Empirical validation addendum to the TAC-QSW Conjecture Technical White Paper v1.0
The TAC-QSW Conjecture predicted that Spearman rank correlation between v1 (semantic analysis) and v2 (QSW structural analysis) Eligibility Index scores would exceed 0.70 across a sufficient dataset. Phase 1 validation, conducted across 69 valid v1/v2 comparison pairs spanning biomedical investment, drug development, and M&A decisions, confirms this prediction.
All 69 valid comparison pairs were drawn from the biomedical investment domain, covering drug development advancement decisions, M&A transactions, clinical trial initiation, regulatory filing decisions, and portfolio investment decisions. Evidence layers included clinical trial data, regulatory status, financial terms, strategic positioning, and market analysis.
Every decision submitted to the TAC-3D platform triggers both engines in sequence: v1 (Claude Sonnet semantic analysis) runs first, producing a structured JSON result including Eligibility Index, verdict, structural summary, and tension map. Upon v1 completion, v2 (QSW engine) is triggered as a background process, receiving both the original evidence layers and v1 context as input.
The original protocol specified that v2 would run independently of v1, using only the evidence layers as input. During Phase 1 accumulation, a systematic divergence was identified: v1 scores consistently exceeded v2 scores by 20–50 points in cases where the evidence layers referenced well-established clinical outcomes or regulatory approvals. Investigation revealed that v2's compatibility matrix generator lacked access to the domain knowledge encoded in v1's semantic analysis.
The v1-Context Injection Protocol was validated to reduce mean absolute divergence from 49.7 points to 4.1–10.0 points on identical test cases, confirming that the original divergence was attributable to domain knowledge asymmetry rather than structural inference failure.
Of 104 total screenings accumulated during Phase 1, 35 were excluded from the primary dataset. Exclusion criteria: (a) rate limit errors during v1 execution resulting in null v1-context transmission; (b) compatibility matrix generation failures producing degenerate outputs (T=100, A=100 without valid cross-layer computation); (c) duplicate decision submissions.
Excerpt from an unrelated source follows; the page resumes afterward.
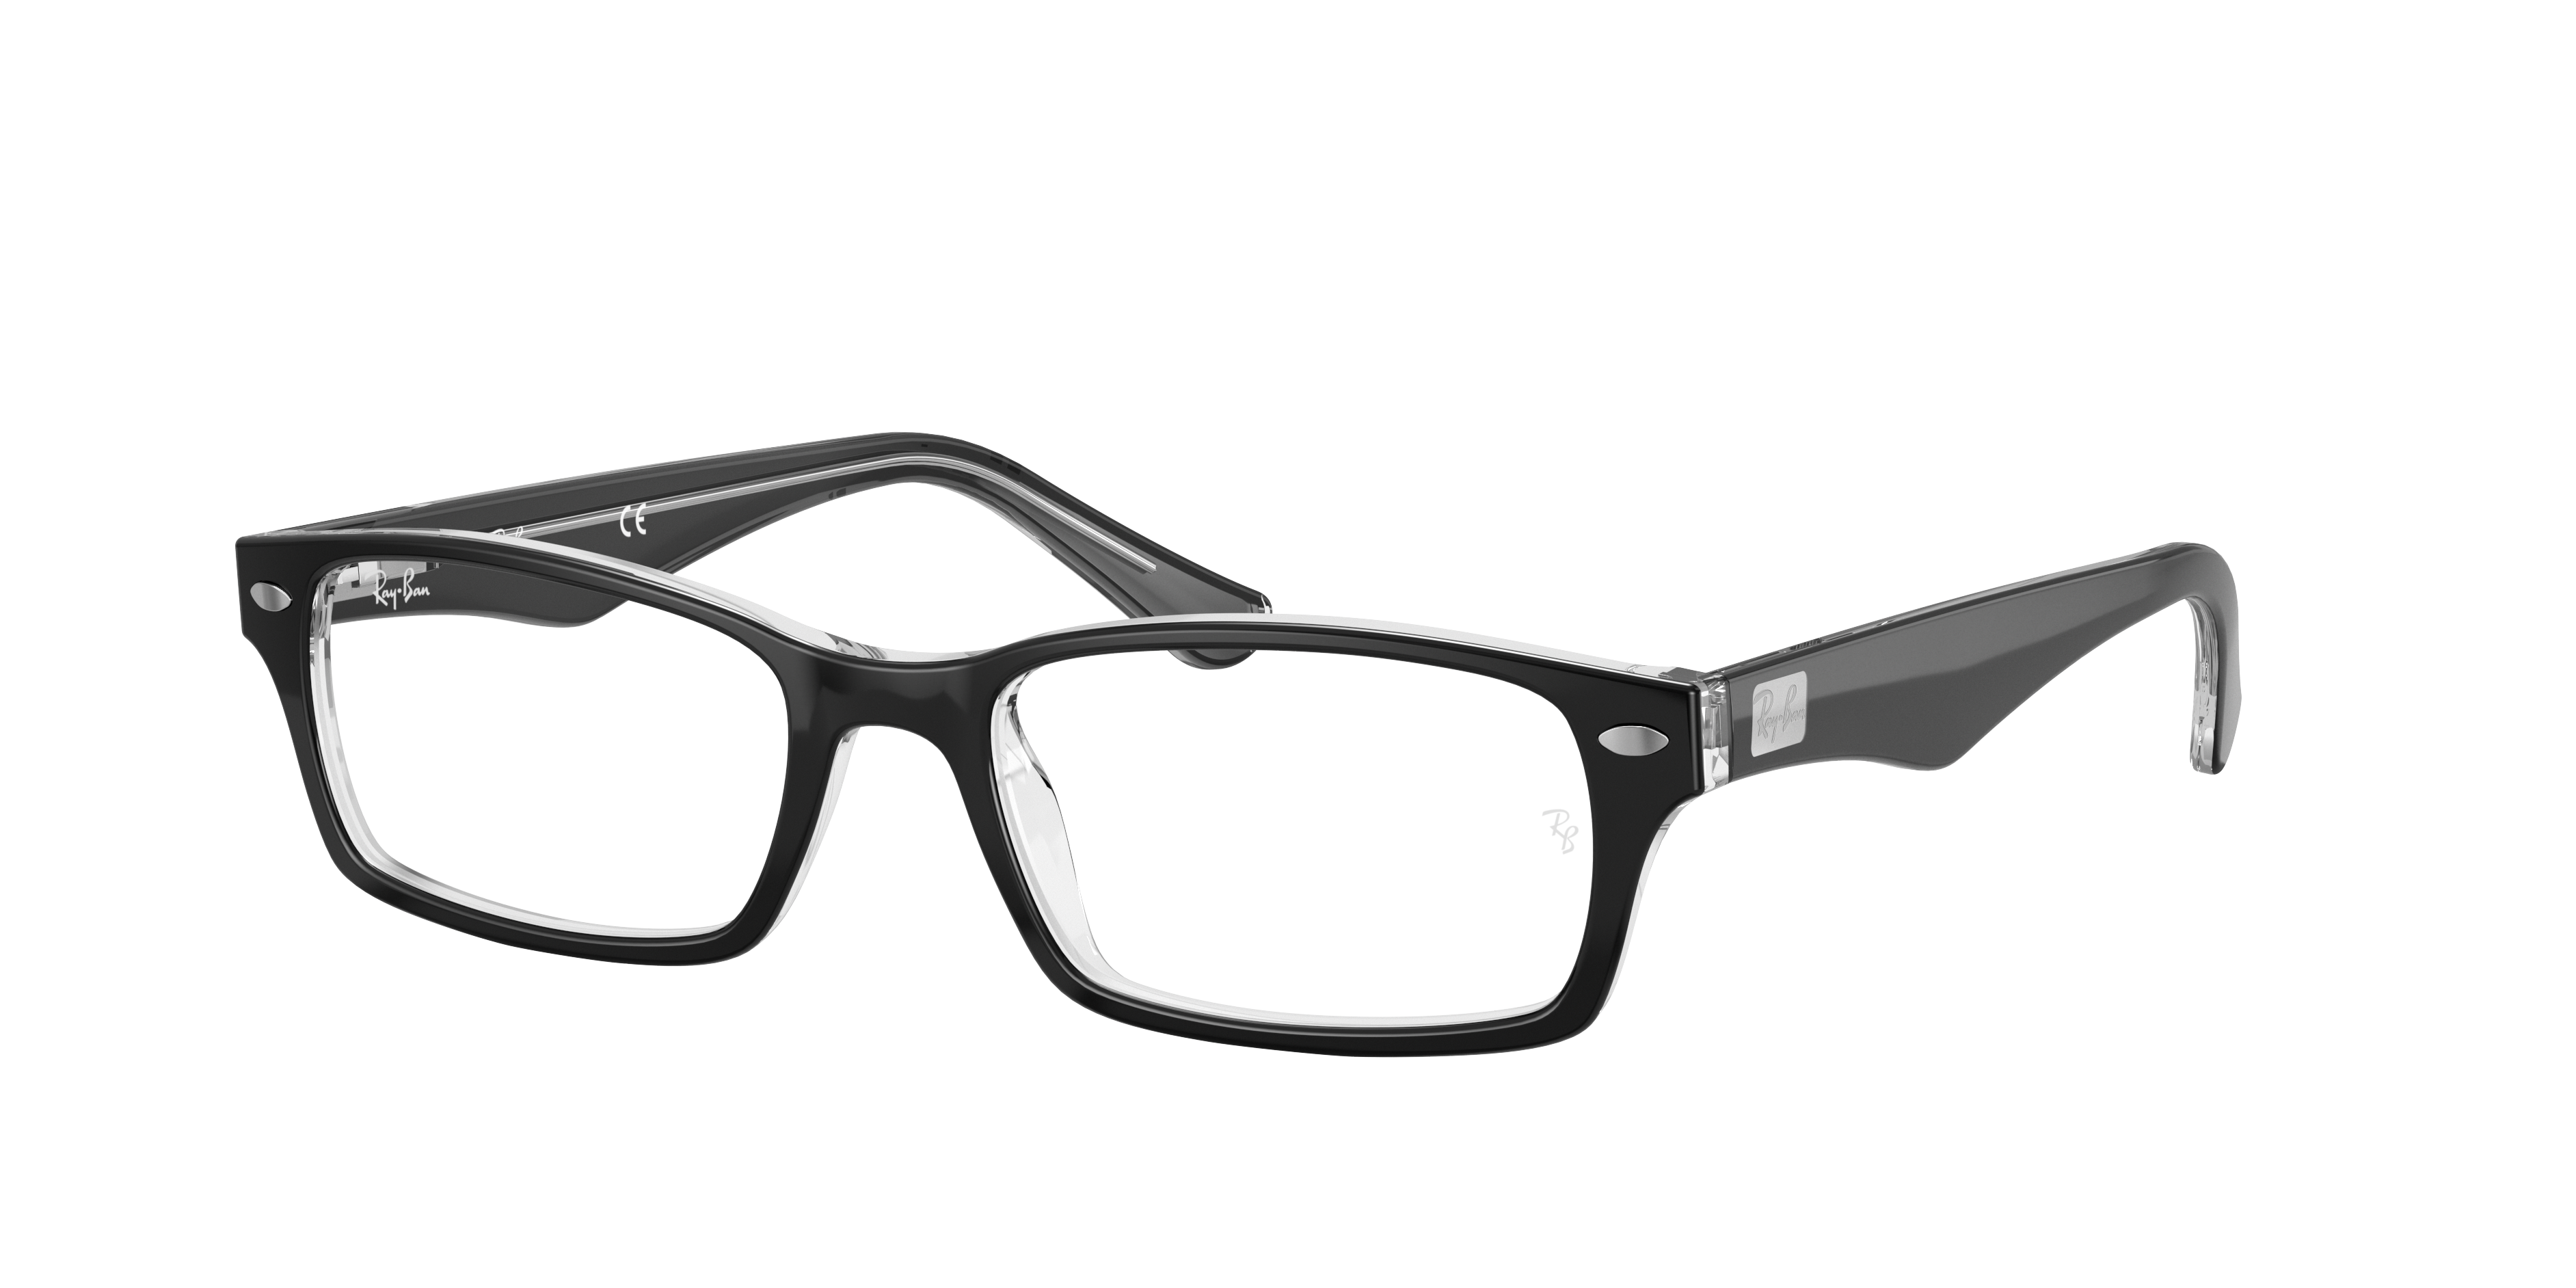 Ray-Ban RB5206 Optics Black On Transparent Eyeglasses | Glasses.com ...

All 69 valid comparison pairs were classified into four divergence categories based on verdict agreement and E-score differential:
v1 Eligibility Index scores exceed v2 scores by an average of +12.9 points across the dataset. This systematic bias is consistent with the conjecture's prediction in Section 5.3: v1 introduces semantic framing and domain context that goes beyond structural compatibility analysis. Decisions with strong domain validation (approved therapies, completed trials) receive higher v1 scores because Claude's training knowledge confirms the evidence's real-world validity — information unavailable to pure structural analysis.
The amendment to inject v1 structural context into the v2 compatibility matrix generation produced a measurable improvement in correlation:
| Metric | Before Amendment | After Amendment | Change |
|---|---|---|---|
| Spearman ρ | 0.555 | 0.739 | +0.184 |
| Exact verdict match | 21.7% | 27.5% | +5.8pp |
| E-score within 15pts | 42.6% | 52.2% | +9.6pp |
| Avg absolute diff | 18.9 pts | 15.6 pts | −3.3 pts |
| Systematic bias (v1−v2) | +10.2 pts | +12.9 pts | Mixed |
The increase in systematic bias after amendment reflects the dataset composition: post-amendment comparisons include more cases with strong domain knowledge (approved therapies, completed Phase 3 trials) where v1 correctly assigns high scores based on real-world outcomes. This is an expected artifact of domain-weighted sampling, not a regression.
Phase 2 targets 200 valid comparison pairs across three domains: biomedical investment (extending Phase 1), legal decision-making (via TAC-Legal), and general strategic decisions (via TAC Agent). Cross-domain comparison will test whether the conjecture holds outside the biomedical domain.
Regression analysis against the Phase 1 dataset will derive domain-specific weighting coefficients for the Eligibility Index formula. The hypothesis is that biomedical investment decisions require higher Convergence weighting (0.35 vs 0.25 default) due to the multi-scenario nature of clinical development.
The 16 DOMAIN_KNOWLEDGE divergence cases and 34 MIXED cases will be manually reviewed to classify divergences as: (a) semantic framing artifacts, (b) genuine structural incompatibilities missed by v1, or (c) QSW calibration issues. Cases in category (b) — where v2 correctly identifies structural problems that v1 missed — are the most theoretically valuable.